Stats Made Easy

Practical Tools for Effective Experimentation

Sunday, December 16, 2007

Sports ‘randomination’?

In a recent guest post to the Freakonomics blog, Yale economist Ian Ayres suggests that sports teams run randomized experiments to improve their winning ways. He solicited feedback from anyone who has done such an experiment, but so far no one has come forward with an affirmative post to this blog.

It turns out that I performed an experiment back in my days as a slow-pitch softball player. At that time my position was ‘rover’ – a tenth man who augmented the normal three who play the outfield in baseball. Depending on my whim, I would play ‘long’ – I line with the other outfielders – or ‘short’ – nearer the infield in a gap where I guessed a batter might want to drop a hit. It occurred to me that by randomly positioning myself inning-by-inning from one game to the next and measuring the oppositions success I might develop statistics that would show favor to either short or long as a general practice.
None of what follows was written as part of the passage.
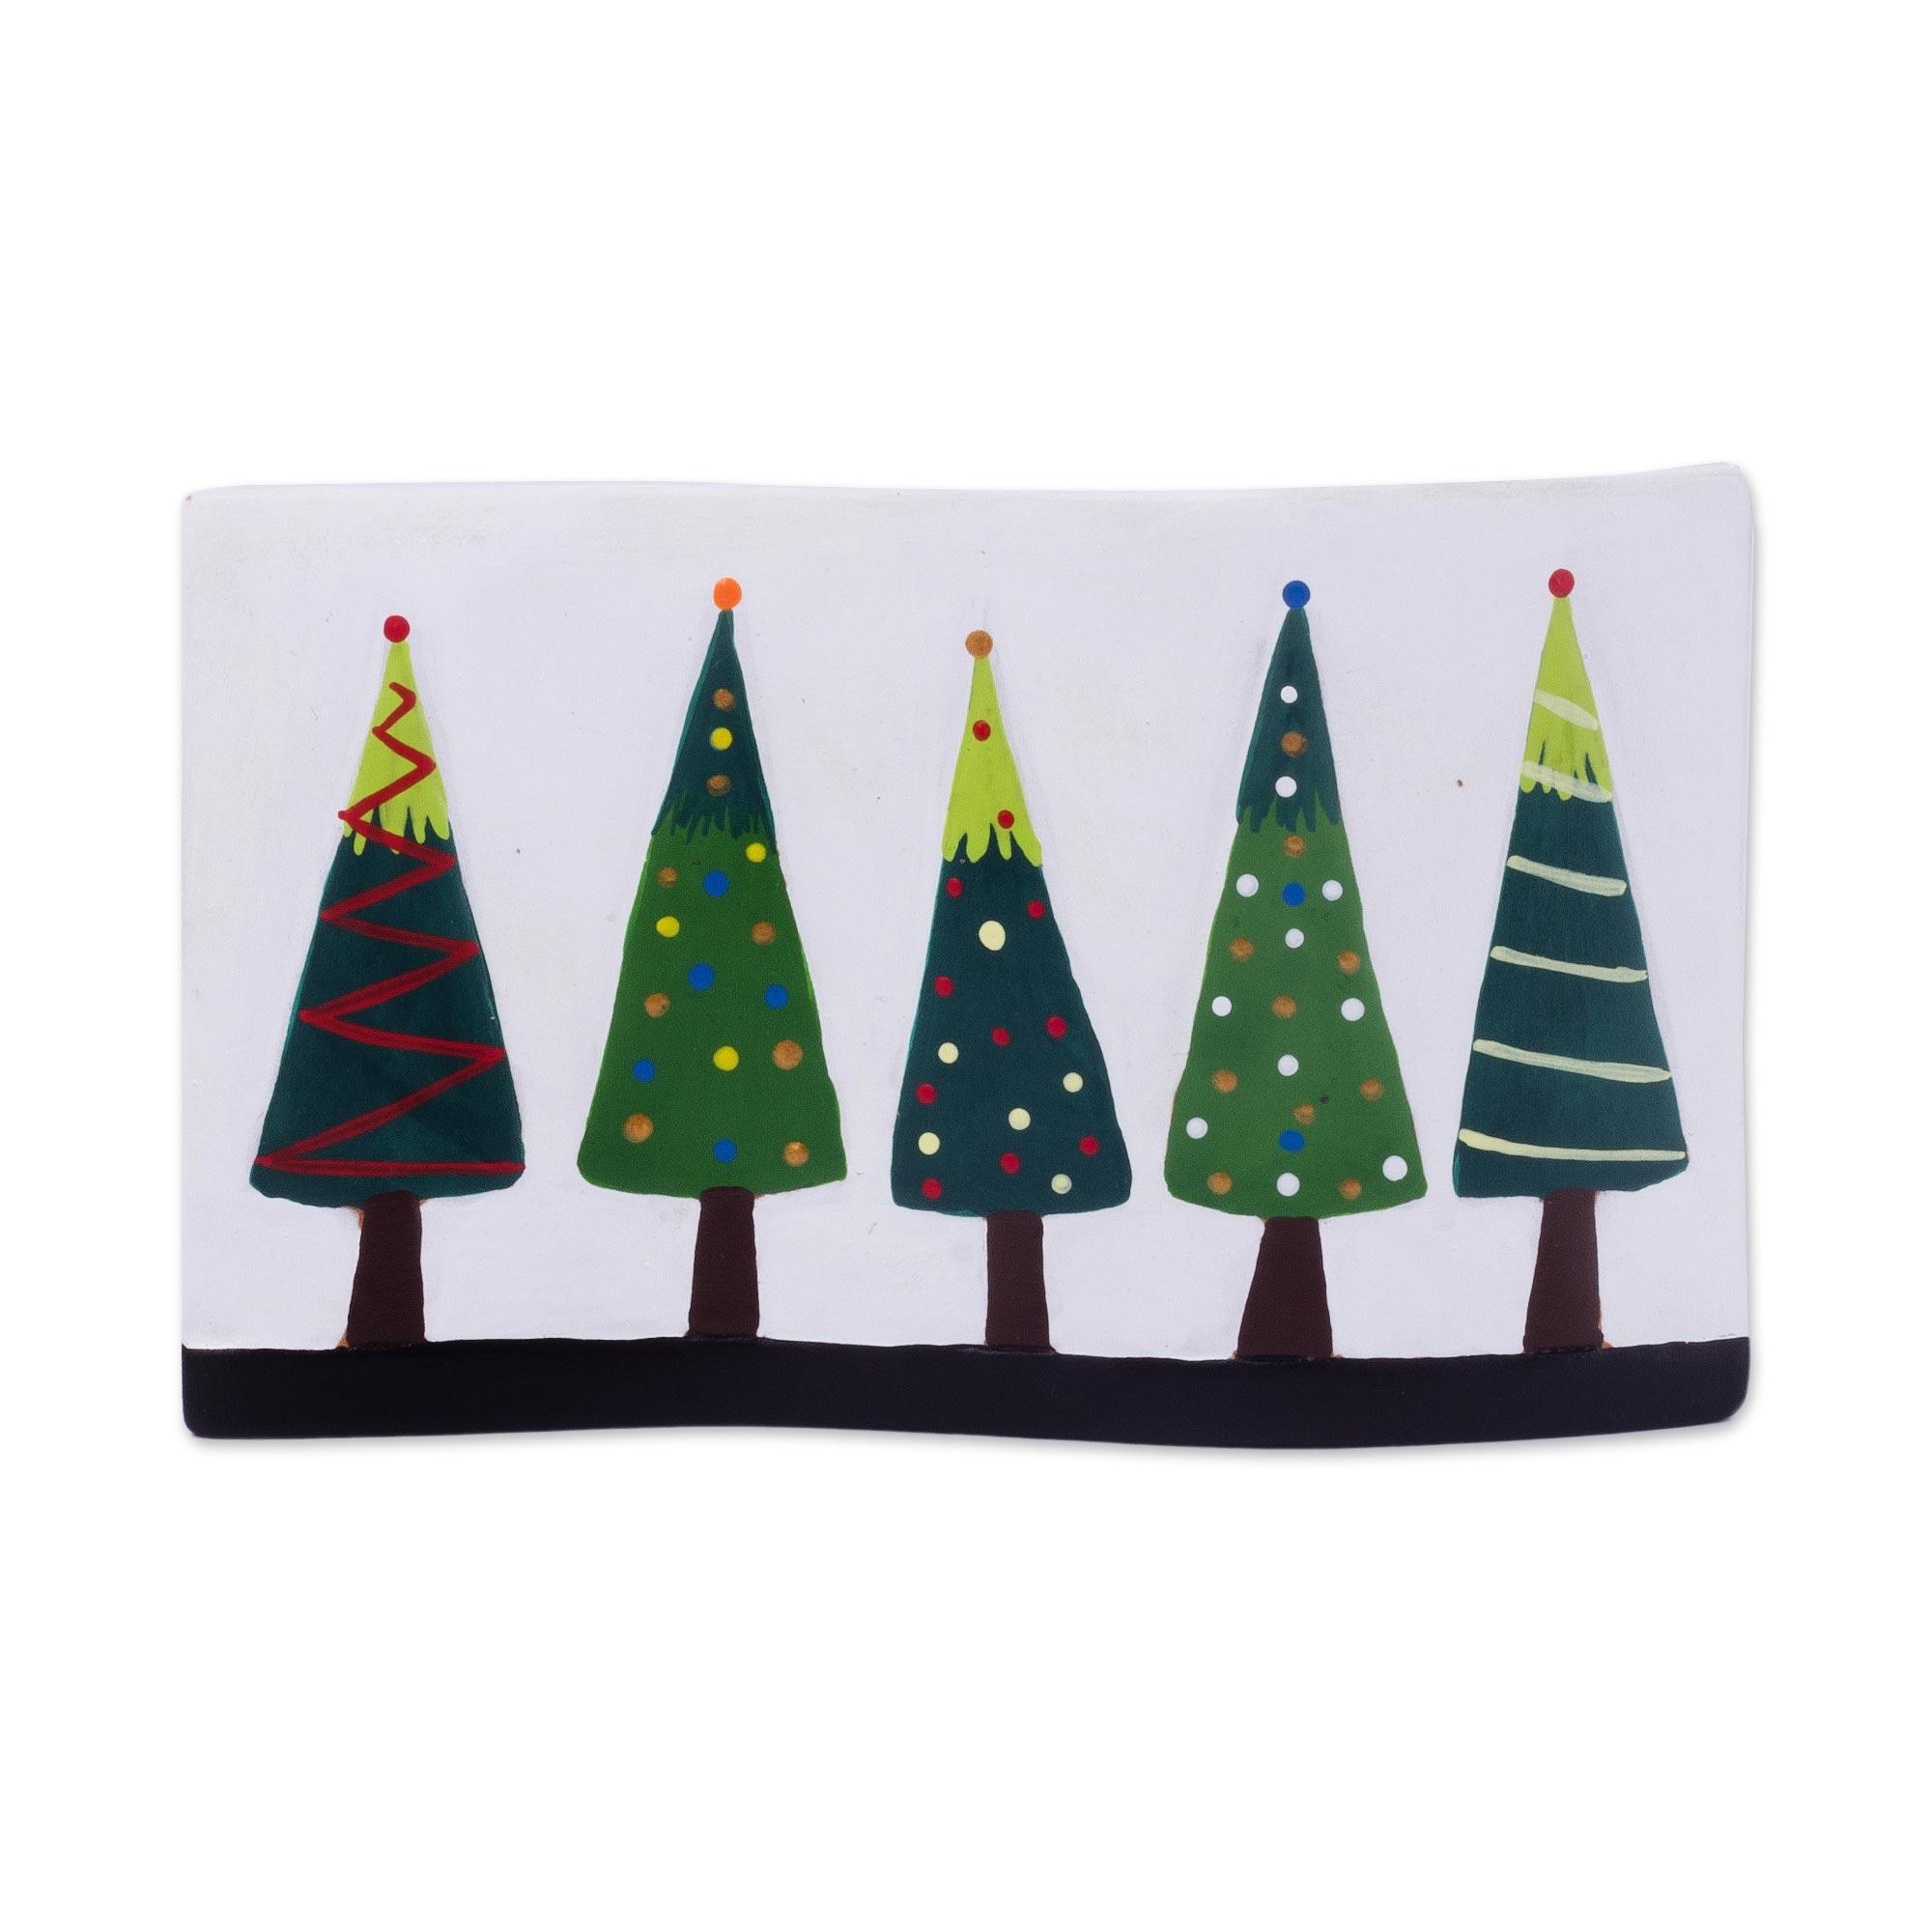 Unicef Market Ceramic Christmas Tree Decorative Accent From Peru

Our team was originally sponsored by General Mills Chemical Technical Center, so my mates met this proposal with surprising enthusiasm. After all, our prospects for winning in our Class D (lowest level) league were never very good.

As Yogi Berra said, “We were overwhelming underdogs.”
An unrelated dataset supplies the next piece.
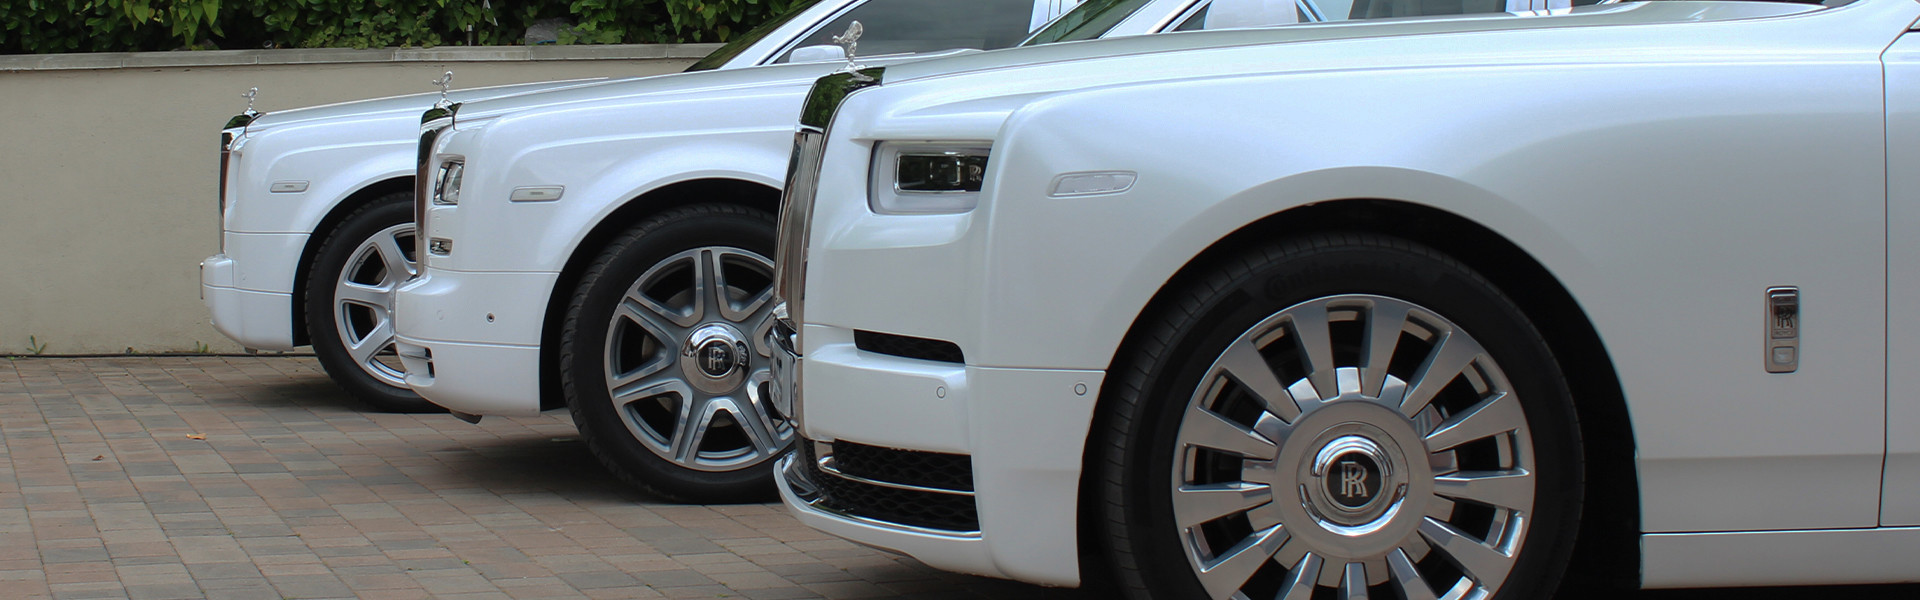 Rolls Royce Phantom fleet

One thing we could count on is that during any given inning, the opposition would be sure to achieve some hits, if not runs. However, it seemed likely that while playing short might cut off singles, it would lead to more doubles and triples from players knocking the softball over my head. Therefore my teammates and I agreed that total bases would be a good measure of success. Thus we counted a single as one, a double as two and so forth. (If you are not familiar with the game of baseball, see these simplified baseball rules from Wikipedia). Since opponents varied in their quality of play, I laid out a randomized block experiment game-by-game (results in first graph -- the points labeled "2" represent two innings with the same total bases).

As the experiment proceeded I assessed the results after each game to see if the cumulative data produced a significant outcome. Patience proved to be the key. During one particularly bad inning – 16 total bases by the opposition – my fellow outfielder screamed at me to abandon my proscribed position and go to the opposite choice. “We are sure to lose,” he yelled – ready to knock sense into my statistically-addled brain. However, my teammates stepped up to protect me and my experiment. “Yes, we may lose this particular game,” said they, “but from what we learn our team will win more games over the course of this season and ones to come.” Indeed we did: From the knowledge gained from this experiment and other strategic moves, our team of techies went on to win our Class D league the following season. True, we did get decimated in the first round of the State Tourney, but at least we got there!

PS. As shown on the second graph, positioning myself short in the outfield proved to be significantly better.